The #NotNormal Twitter Bot

For my cloud text experiment, I decided to create a twitterbot using the class tutorial. Though I had a small issue in the beginning, I found it relatively easy to pull it together using the template scripts, and you can see it running on my twitter account at: https://twitter.com/AndrewDunnLIS  (this is an old account I created back during library school)

For this experiment, I decided to focus on the #NotNormal hashtag, used on twitter and Facebook in connection with racist incidents and other examples of extreme behavior/opinions by Trump and his associates. The point of the hashtag is prevent him, his policies, and his administration from becoming normalized by the media. I got the idea from a strategy guide published by Congressman Jerry Nadler (http://www.jerrynadler.com/news-clips/how-we-resist-trump-and-his-extreme-agenda). The guide is fascinating and very helpful, and so I encourage everyone to check it out.
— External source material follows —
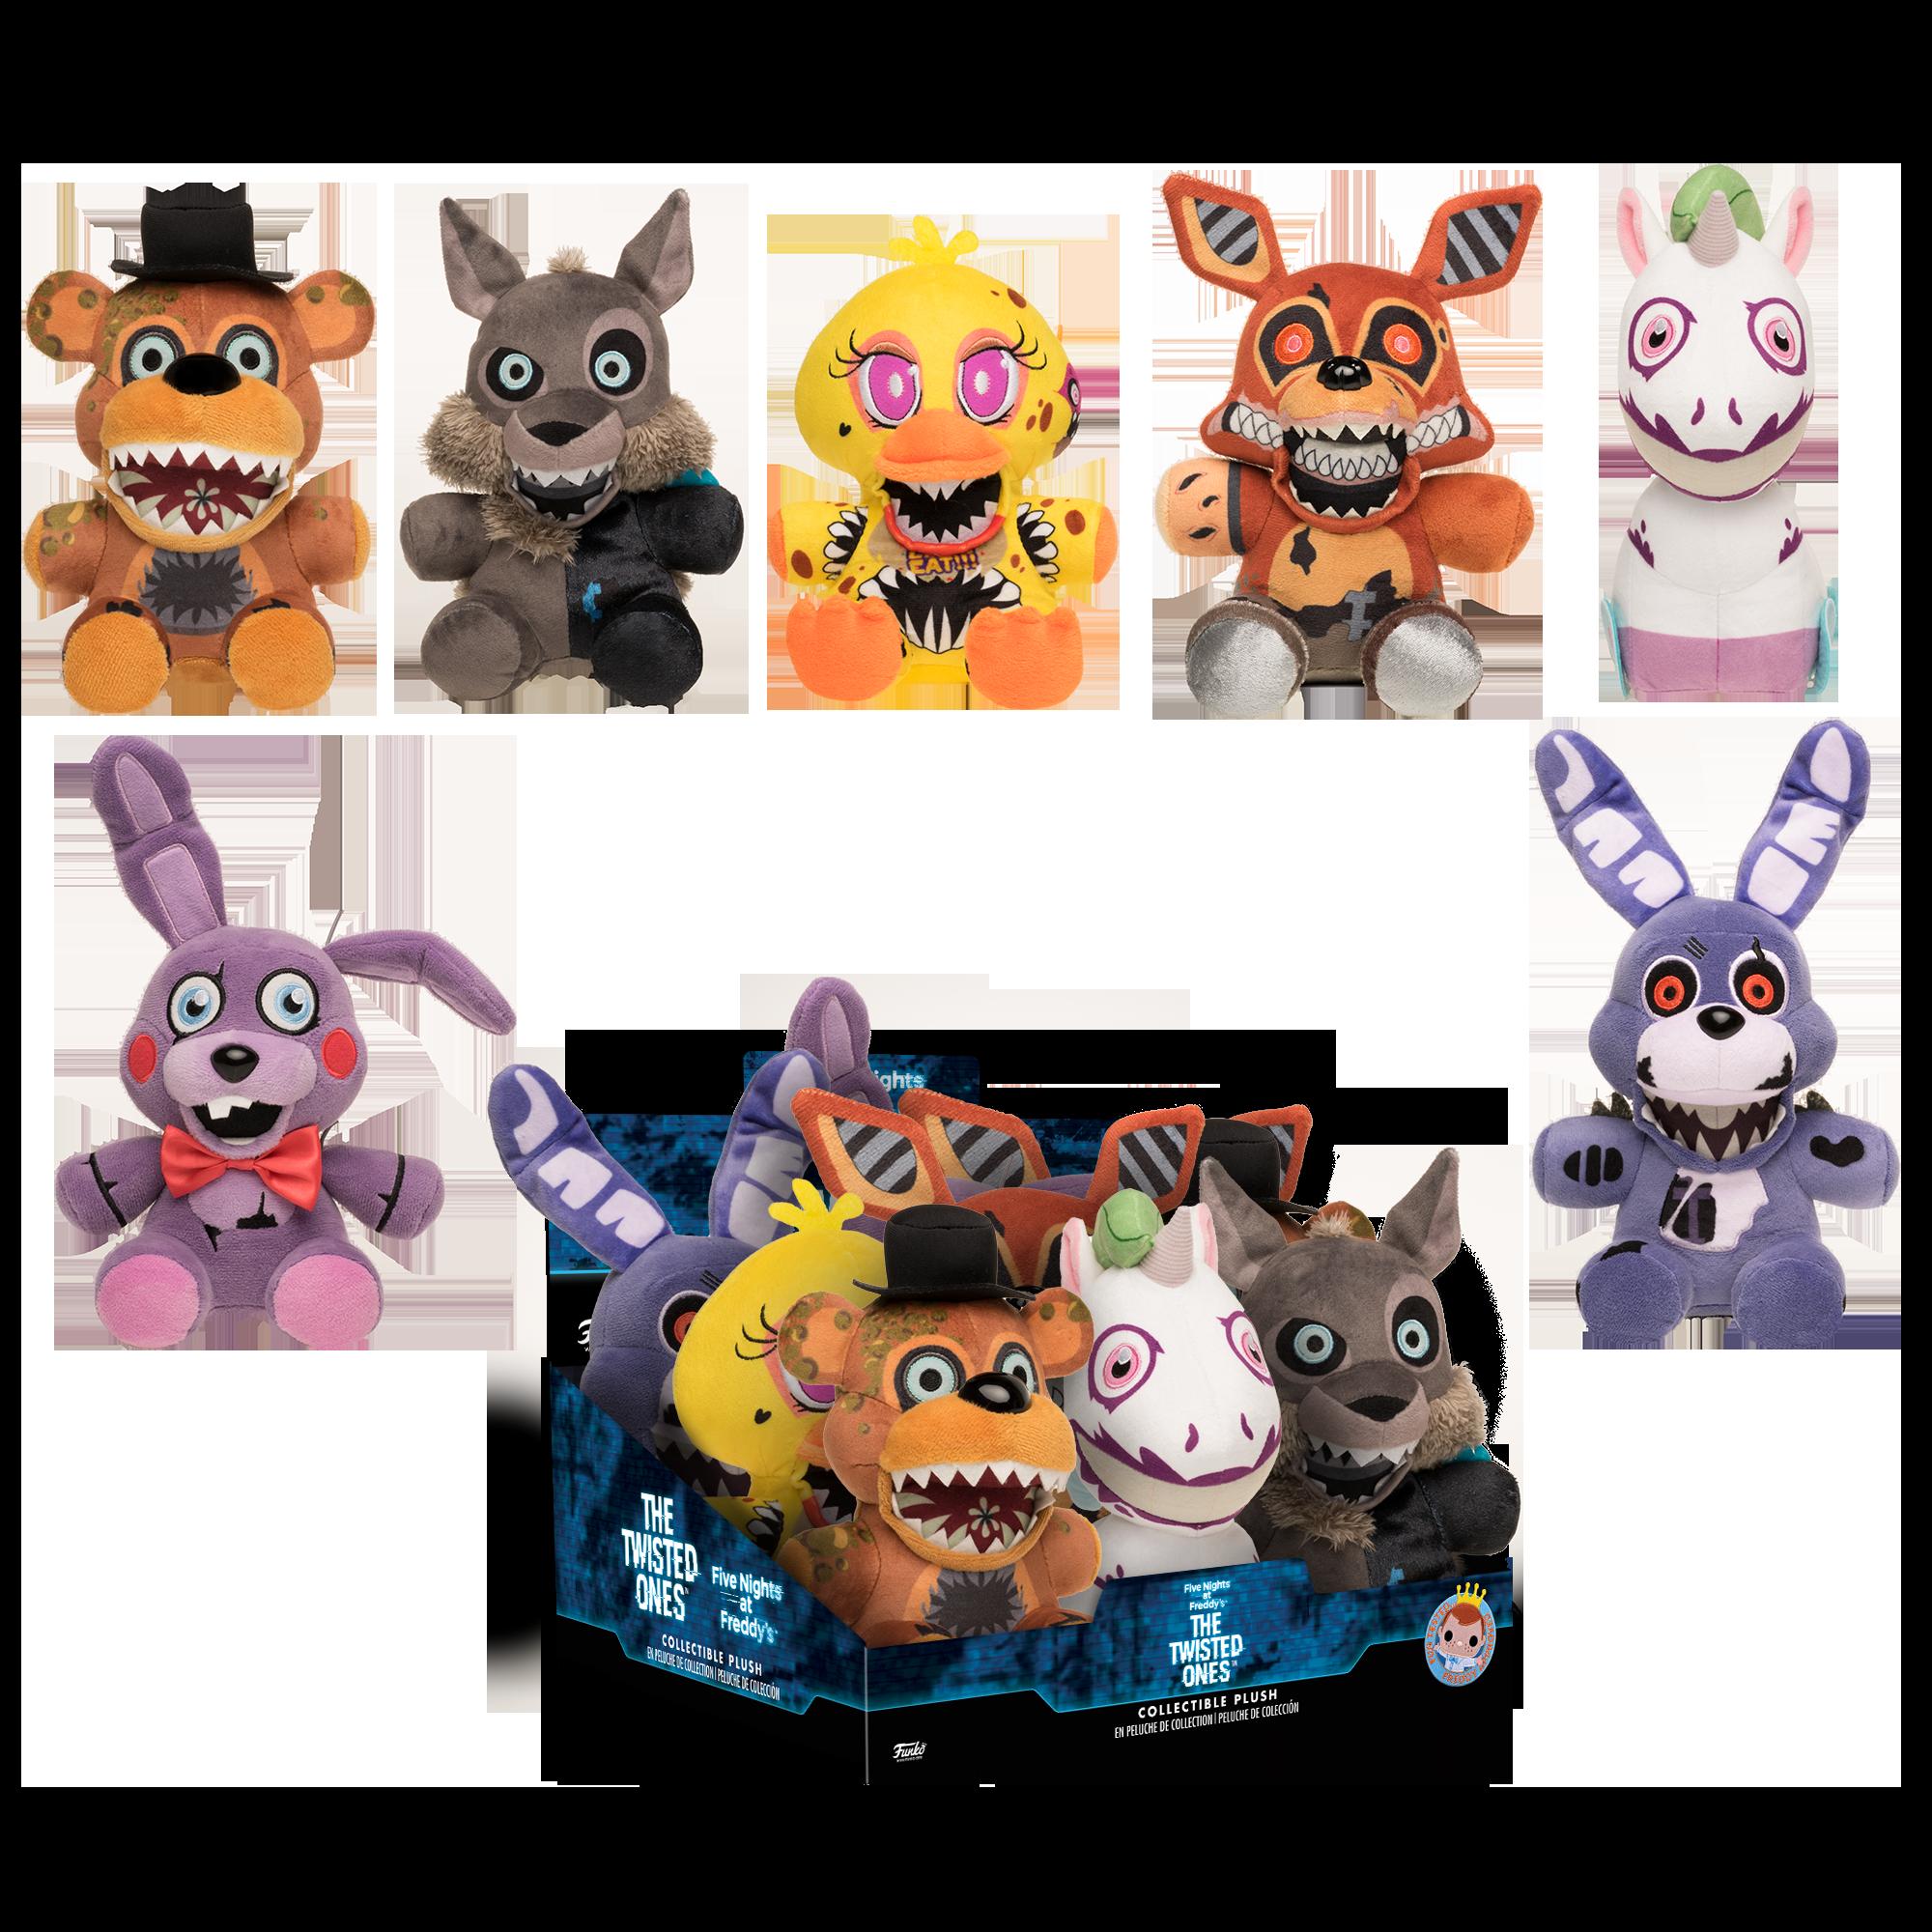 Koala Stuffed Animals Mini, Five Nights At Freddy S The Twisted Ones Plush Assortment Gamestop

To construct the Twitterbot, I spent two days “listening” to and scraping tweets from the #NotNormal feed. In the end, I had about 260 non-duplicate tweets, which I collected in a text file that serves as the primary directory. Most of the tweets have multiple hashtags, and most link to news articles or infographics that explain what the authors find so outrageous, and not normal. In building this library, I decided to delete the addresses of specific people (@_____) – I’d rather not get embroiled in specific feuds, if that’s possible; I’d rather just amplify political statements. In essence, then, the bot is retweeting things from the last 48 hours. In completing this project, by the way, I was struck by how frequently people just retweeted things in their feed, without taking what I think is necessary time to reformulate thoughts in their own words, and to really process/digest/reflect critically on the arguments they’re promoting. To a large degree, these are structural limitations built into the interface – most importantly, the character limit, which people can only bypass by including links. Still, now that I’m doing the same thing using automation, it strikes me as strange that so much of our current model for public discourse is automatic, and literally equivalent to something a program could do. (On top of that, I have some reservations about a project in which I’m just retweeting links to news sources/stories that I have not vetted, so I doubt I’ll leave this running for long. Also, because the links concern breaking news, they’ll fall out of relevance shortly.)  I’m starting to think that it would be really interesting to map how a single tweet spreads through the twittersphere – I know there are programs that do that, and if anyone has recommendations I would love to see them, especially now that I have an API access key.